Pflaumloch: Directly on the B 29 between Aalen and Nördlingen is the administrative center of the municipality with about 1000 inhabitants and about 350 manufacturing jobs. First mentioned in 1246. It belonged to the house Oettingen  As part of the media coverage due to the Imperial Diet losing the 1806 Oettingensche area initially fell to the Kingdom of Bavaria and then in 1810 to the Kingdom of Württemberg .[Mar 2013

Utzmemmingen: Utzmemmingen is surrounded by Bavarian places at the foot of the Swabian Alp. The village has around 1200 inhabitants, the largest community. [Mar 2013

Riesbürg. Since 1972, the city may has an official health resort. Utzmemmingen was for the first mentioned in 852 .[Mar 2013]

Goldburghausen: Goldburghausen has approximately 300 inhabitants, the smallest town of the community. First mention was 1276. It belonged toNördlingen and in the early 19th century to the Kingdom of Württemberg .[Mar 2013]

 

JEWISH CEMETERY:

Jewish cemetery [history and photos] established in 1840 in Plaumloch continues to this day. iI the 15th century several Pflaumlocher Jews were buried in Nördlingen. Until 1833 , the dead were buried in the Bavarian cemetery at the Wallerstein (district of Donau-Ries). Since then, a separate Jewish cemetery surrounded by a high wall (Parcel 284, area 5.68 a) adjoins today's municipal (Christian) cemetery. The cemetery was the last used in 1916. In March 1926 a serious desecration of the cemetery happened wheneleven students of the Protestant school in Pflaumloch threw around 18 gravestones, some of which were broken.  Formerly located among fields, since 1980, a residential and commercial area (now Daimler-roads and highway) emerged.
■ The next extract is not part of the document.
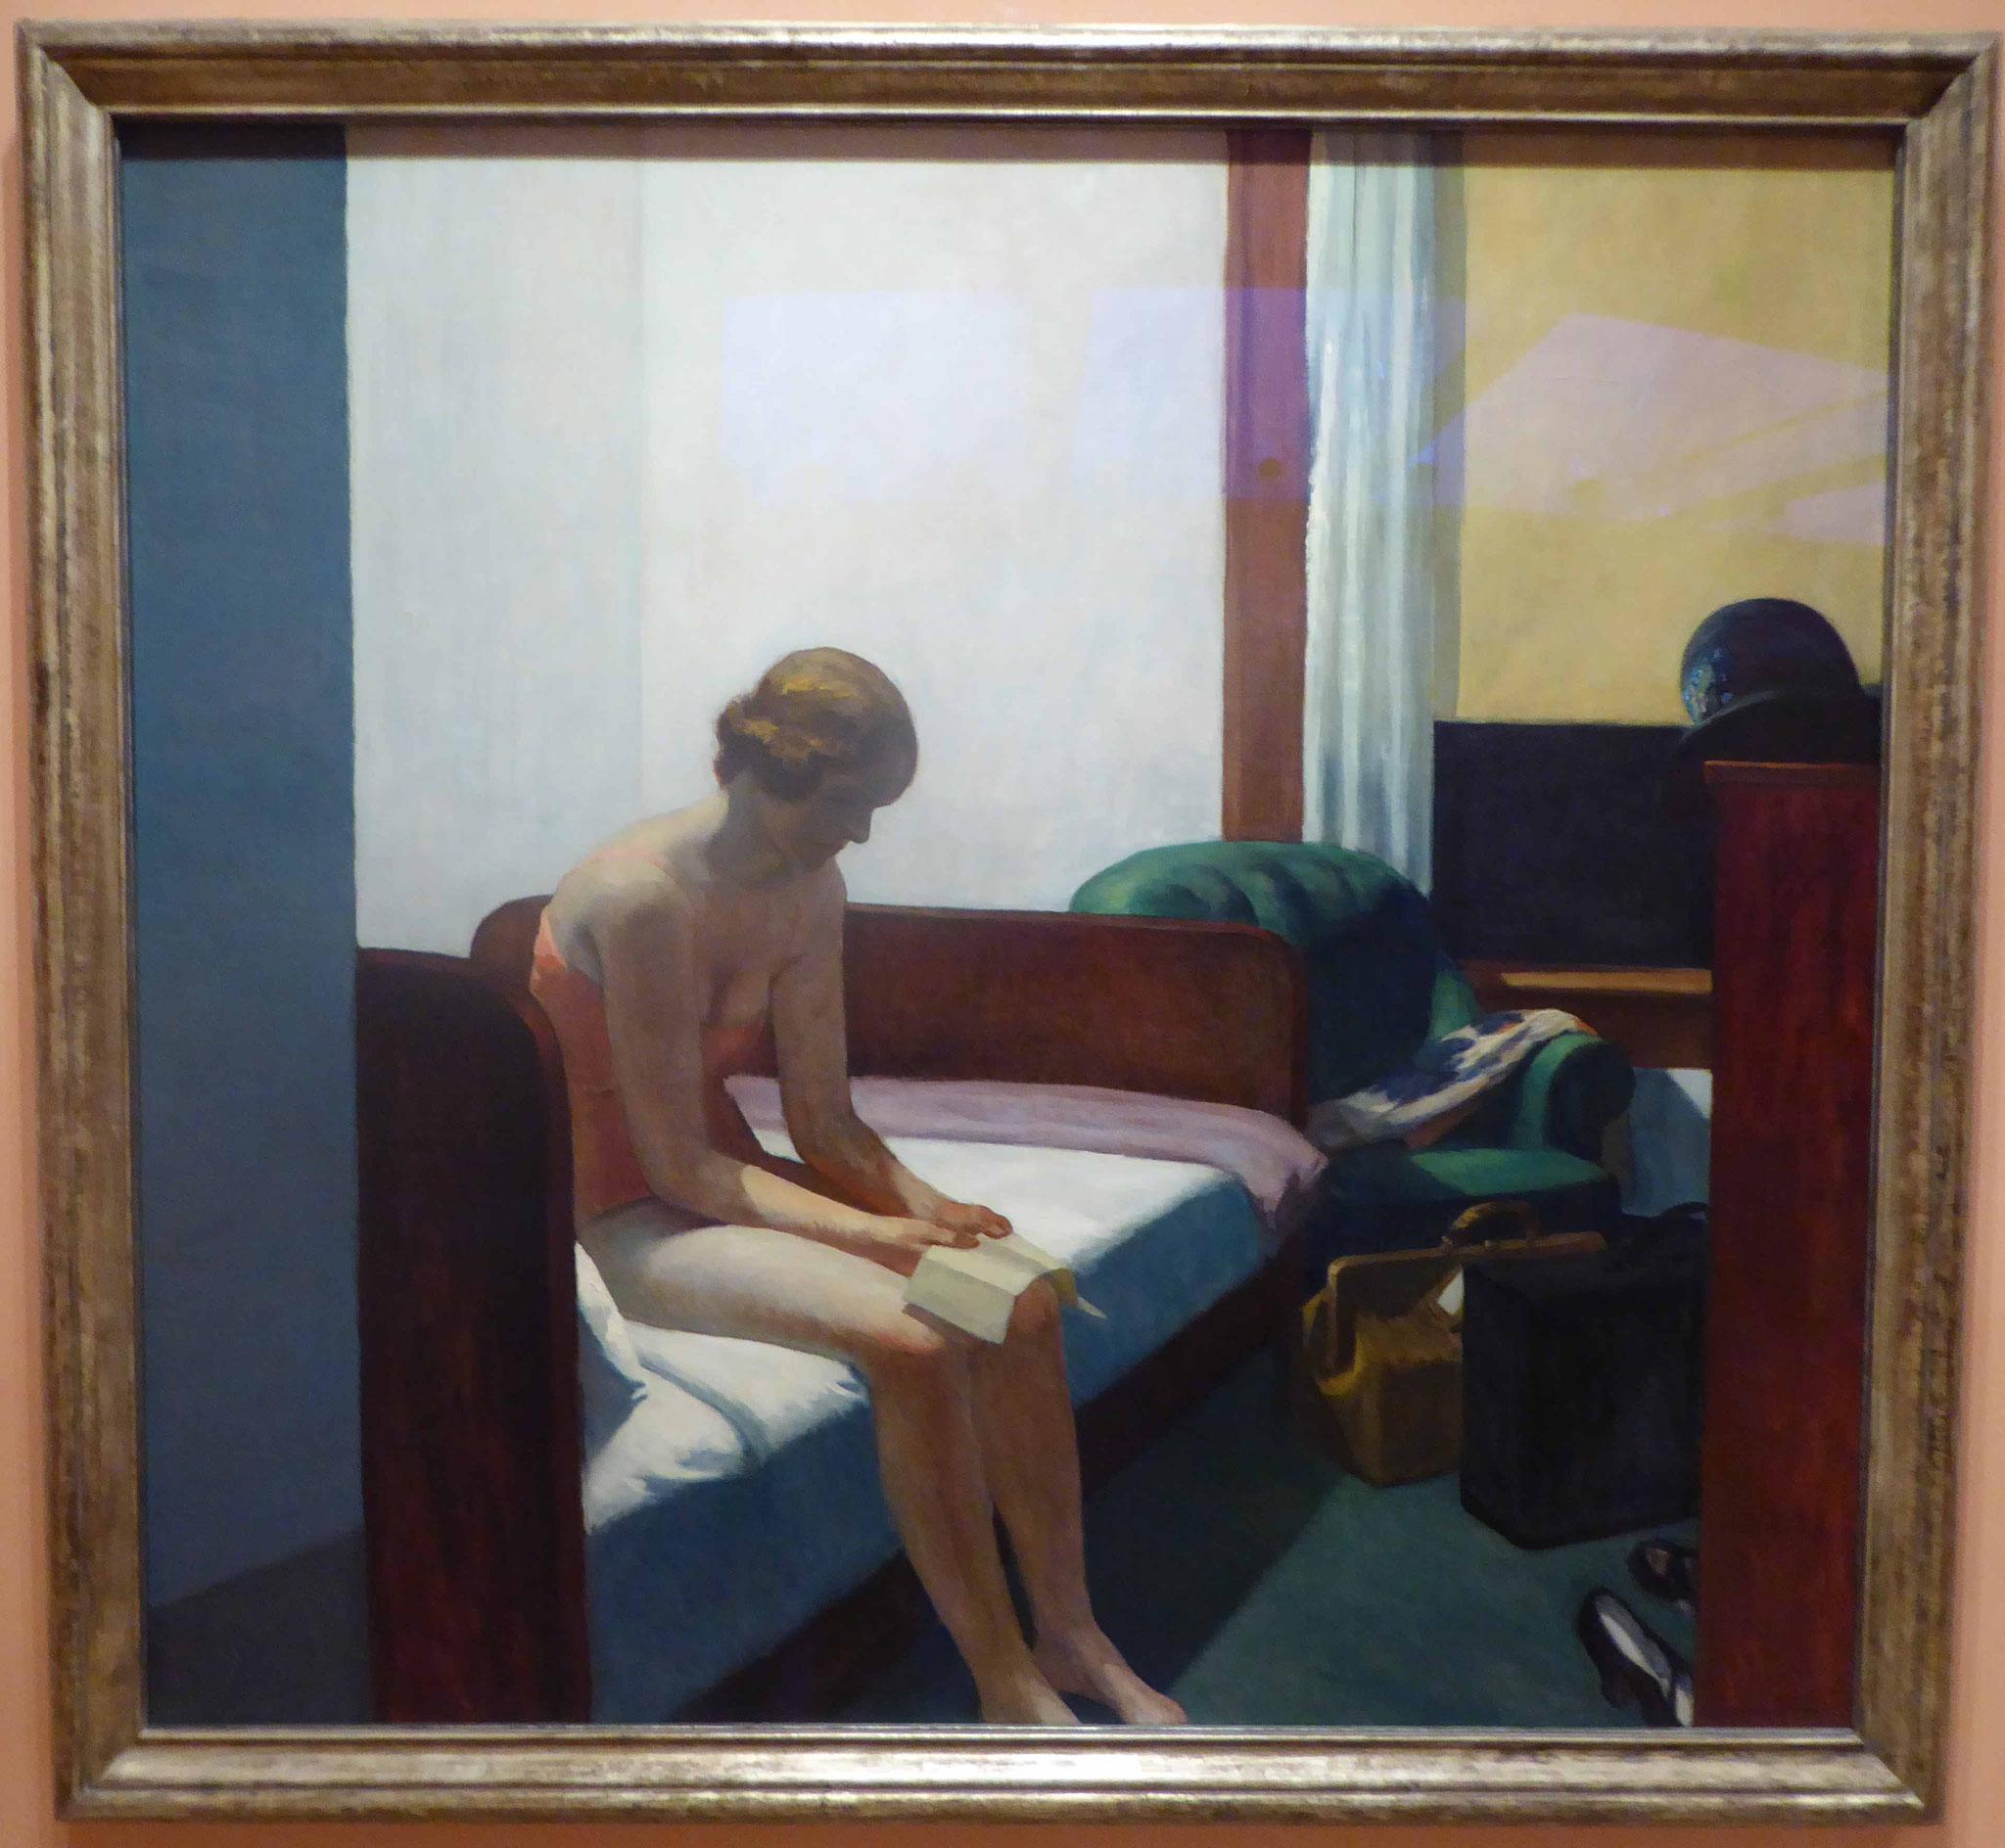 Edward Hopper, Museo Thyssen-Bornemisza, Madrid, Spanien

From the history of the cemetery, desecration of the cemetery was only in March 1926. The Jewish cemetery can be visited at any time by appointment at Pflaumloch City Hall . [Mar 2013]
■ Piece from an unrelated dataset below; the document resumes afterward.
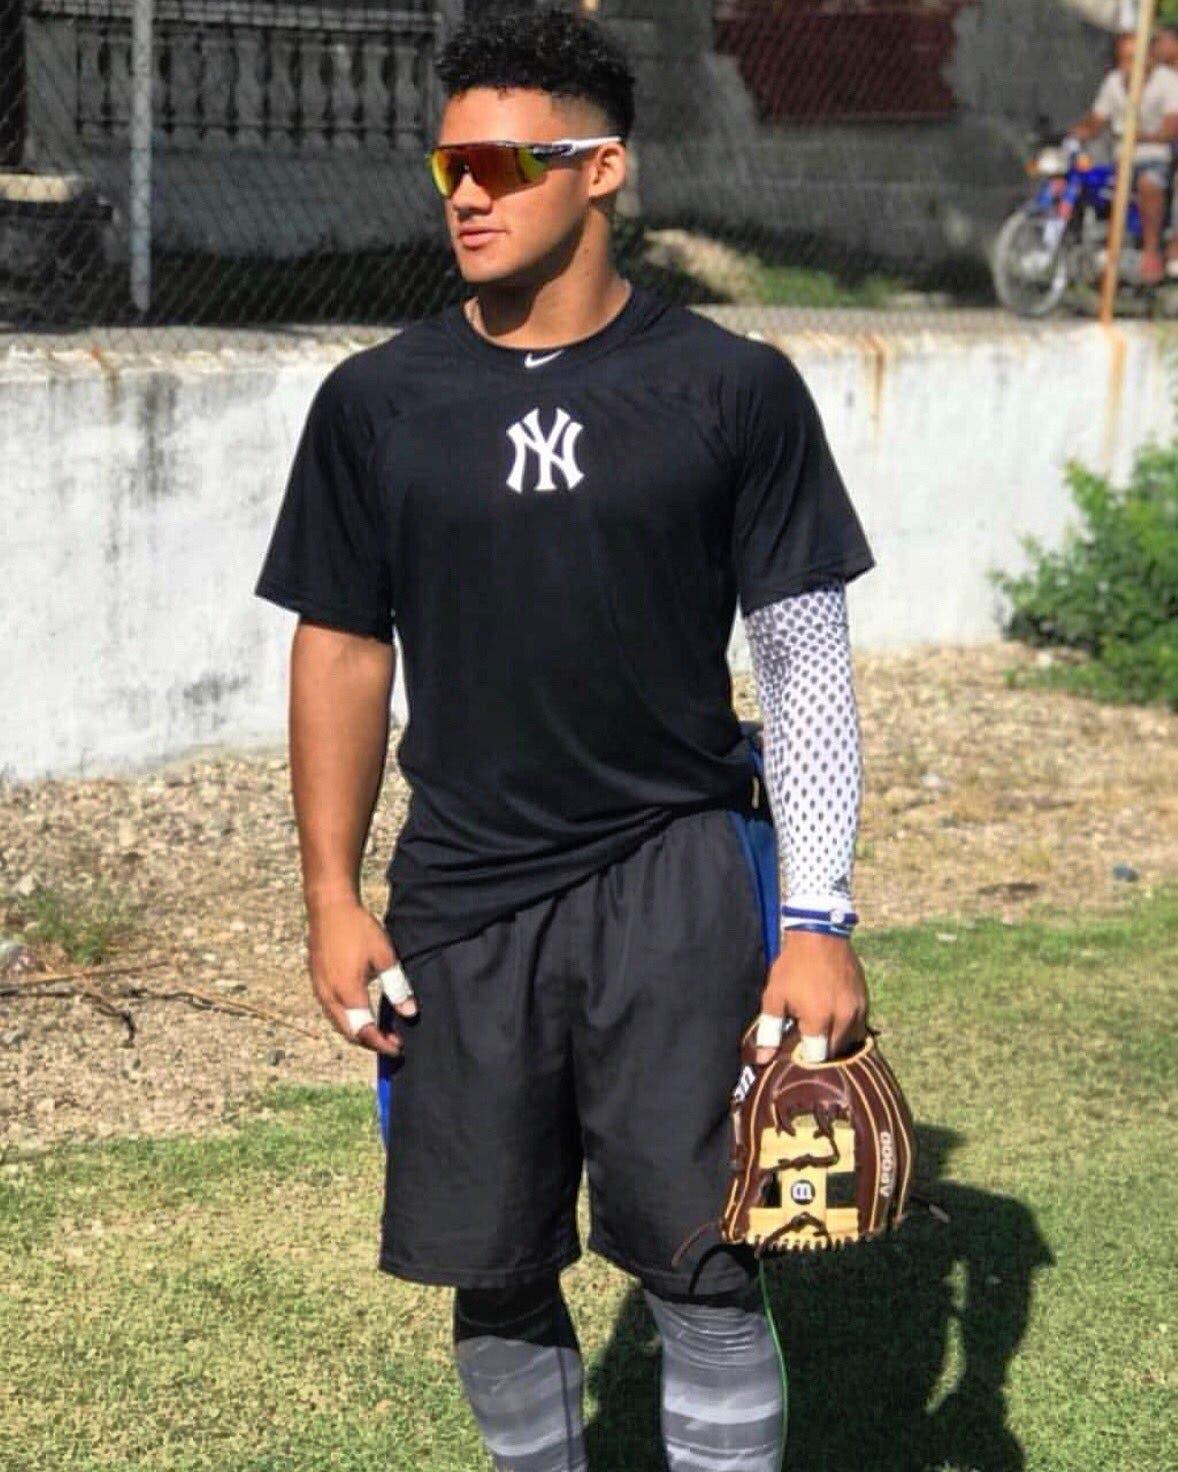 Yankees fichan por 5,4 millones de dólares a prospecto dominicano Jasson Domínguez

Gert Wildensee: basic documentation of the cemetery in Pflaumloch. Available in the Central Archive of the Jews in Germany (Heidelberg) and the Town Hall of Riesbürg. Created 1990s

Felix Sutschek : History of the Jews in Pflaumloch, in: History and Culture of Jews in Swabia II, 2000

 

73469 Baden-Württemberg (Gerz, Peters).

(RIESBUERG)

DISTRICT: Ostalbkreis.
LOCATION OF CEMETERY: Heerstrasse/Daimlerstrasse adjoining local general cemetery. (Detail).
IN USE: From 1840 (oldest datable gravestone) until 1916 (last known burial).
NUMBER OF GRAVESTONES: 113.
DOCUMENTATION:
  • 1990 photographs of all gravestones with mapping of graves by Zentralarchiv.
  • 1999 cemetery documentation including above photographs by the Office for Historic Monuments (Landesdenkmalamt ed. Gert Wildensee).
  • Numerous photographs of individual gravestones and general cemetery views in Alemannia Judaica.
  • A recent (April 2008) selection of named gravestones also in Alemannia Judaica.
PUBLICATIONS:
NOTES:
  • Prior to 1830 the cemetery in Wallerstein (Bavaria, Donau-Ries district) was used for burials by the Pflaumloch Jewish community (Sauer 1966, page 150).
  • Several deceased members of this community were buried in the Nördlingen cemetery during the 15th century.
  • Serious vandalism of this cemetery took place in March 1926, when about 11 boys and girls, aged between 11 and 14, from the local elementary school, left 18 gravestones toppled and others partially smashed. This event was widely reported in the local media at that time. Anti-Semitism does not appear to have been the motive.